No processo penal, Juiz pergunta por último!
- Lívia Dalla Bernardina
- 17 de nov. de 2017
- 2 min de leitura
Em meados de 2008, o Código de Processo Penal - CPP sofrera uma série de modificações que implicaram uma "virada de chave" na matriz ideológica dessa legislação da década de 40, visando modernizar o sistema para adoção (formal, pelo menos) do princípio acusatório.
Uma delas foi a inovação (09 de anos de lá para cá) prevista no art. 212 do CPP. Trocando as palavras, em audiência de instrução e julgamento, as partes inquirem diretamente as testemunhas e, ao final, para esclarecimentos, o Juiz, na ordem e conforme previsão do art. 400 do CPP.
Curiosamente, depois de quase uma década da alteração promovida, é extremamente comum a manutenção da lógica legal anterior: Juiz começa o questionamento e, se houver alguma dúvida, termina a inquirição após as partes. E ao aconselhar e explicar o procedimento para clientes, também é de praxe a colocação de "na audiência, esse Juiz, dessa Vara começa a perguntar, embora a lei fale o contrário" - aqui entra um pouco a necessidade de análise sob a ótica da teoria dos jogos.
De toda sorte, num primeiro momento isso pode gerar a sensação de indiferença. Tanto faz quem começa a perguntar! Na verdade não é assim que funciona. Dentro da ótica de um processo penal democrático/constitucional, Juiz não pode assumir papel ativo na produção probatória. Quando o faz, se contamina com aquilo que pretende obter, justamente para justificar a decisão que já tomou antes mesmo de saber o resultado.
Portanto, quando o Juiz assume a posição de iniciar inquirição das testemunhas, retrata a cultura brasileira de um sistema inquisitorial, em que o Estado-Acusador também é o mesmo Estado-Juiz, assumindo protagonismo no processo penal que não lhe cabe, ferindo a imparcialidade que integra a estrutura jurídica básica de todo ordenamento jurídico que respeite os direitos humanos.
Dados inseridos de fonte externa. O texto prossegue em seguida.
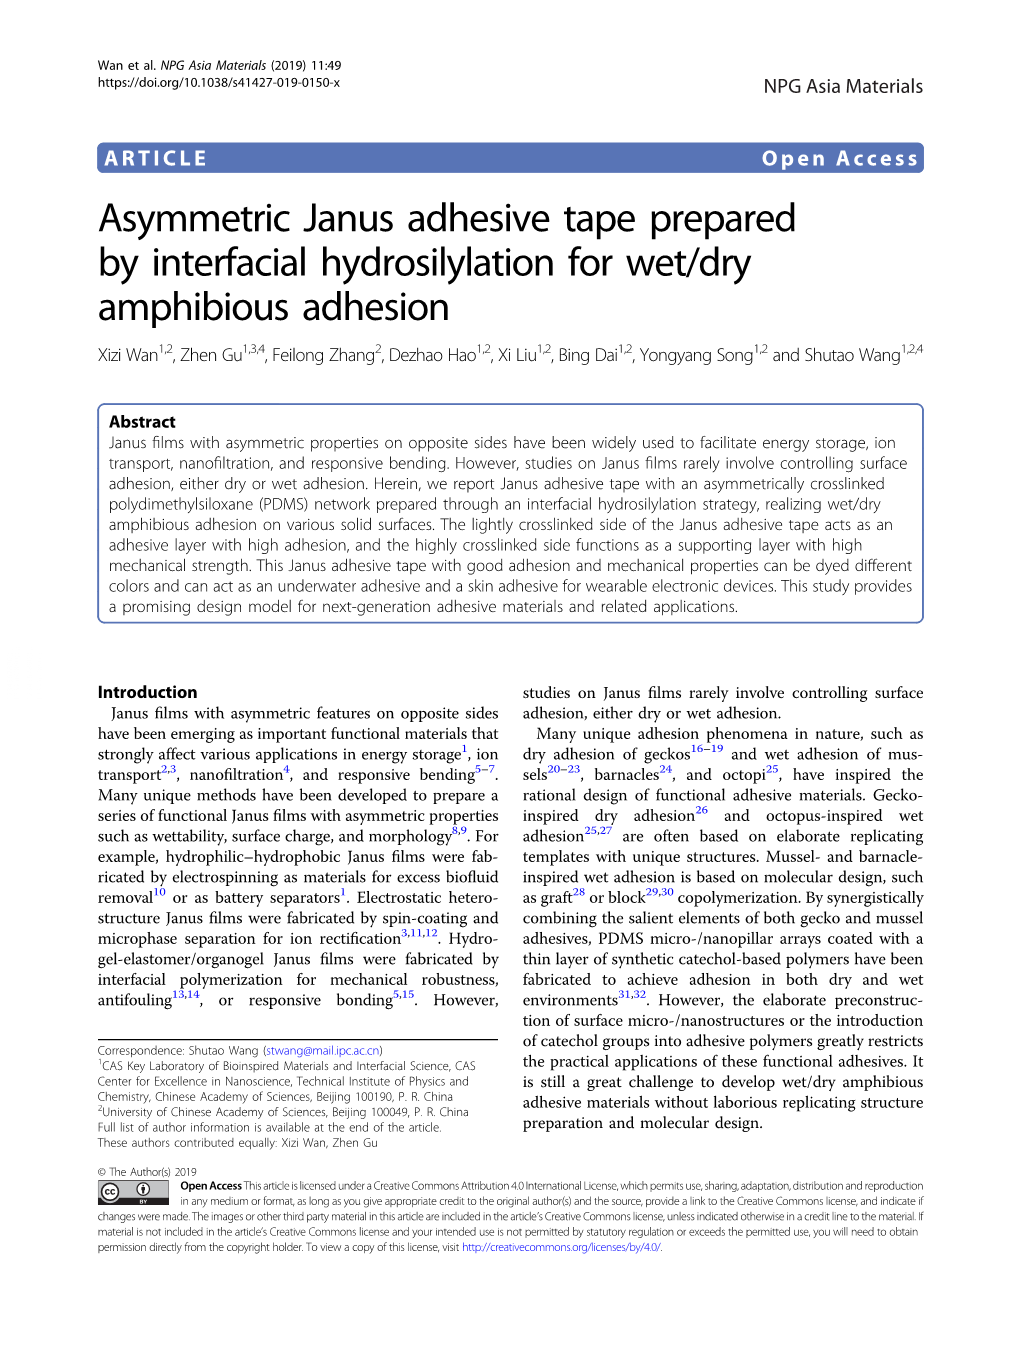 Asymmetric Janus Adhesive Tape Prepared by Interfacial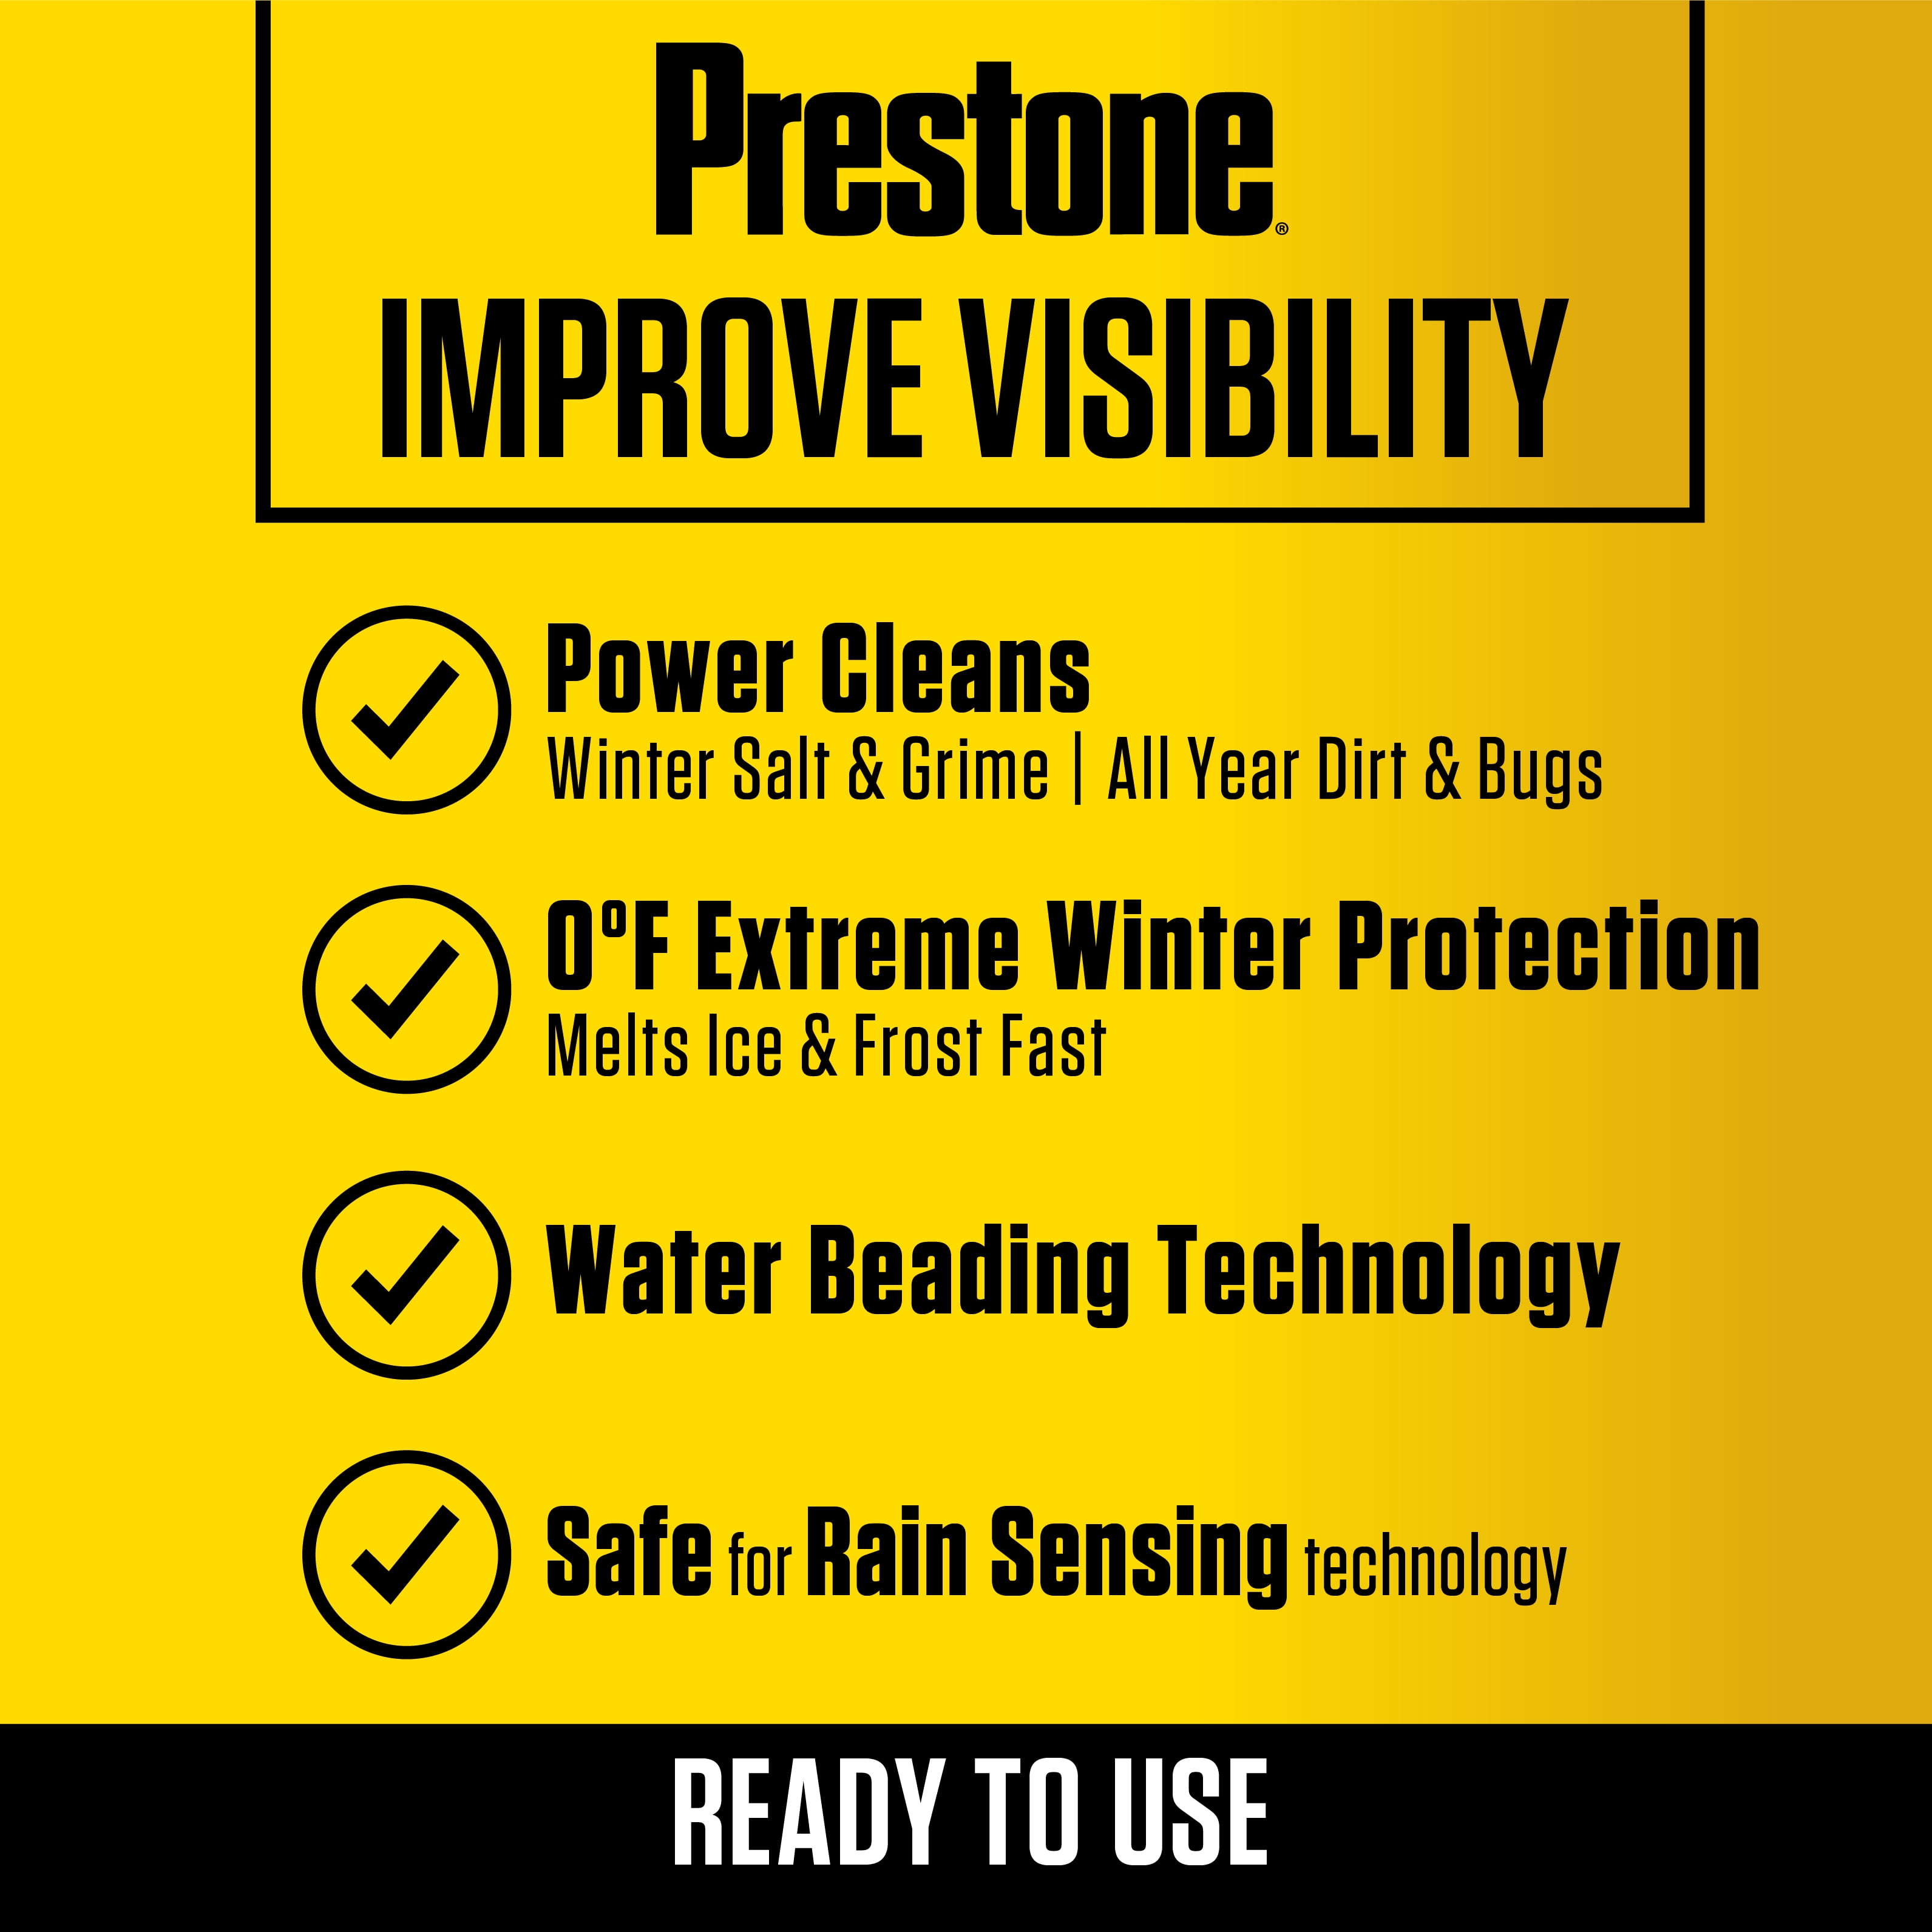 Prestone AS658P All Season 3-in-1 Year Round Windshield Washer Fluid

E mesmo após 09 anos de vigência do "novo" art. 212 do CPP, os Tribunais decidem que a inversão da ordem de perguntas não gera prejuízo para a parte, notadamente do acusado, de modo que não justificaria o reconhecimento da nulidade pela ótica da teoria de nulidades no processo penal (sem prejuízo, sem sanção) - v. HC 114789/SP, STF.
Curiosamente, no dia 14 de novembro de 2017, a Primeira Turma do Supremo Tribunal Federal, no HC 111815/SP, reconheceu que a inversão da ordem não é admissível, determinando-se que fosse realizada nova audiência para reinquirição das testemunhas, conforme regra estipulada no art. 212, caput e parágrafo único, do CPP.
Só resta saber se a decisão de uma Turma do Supremo Tribunal Federal é capaz de alterar um costume judicial, já que a legislação processual penal não obteve esse êxito.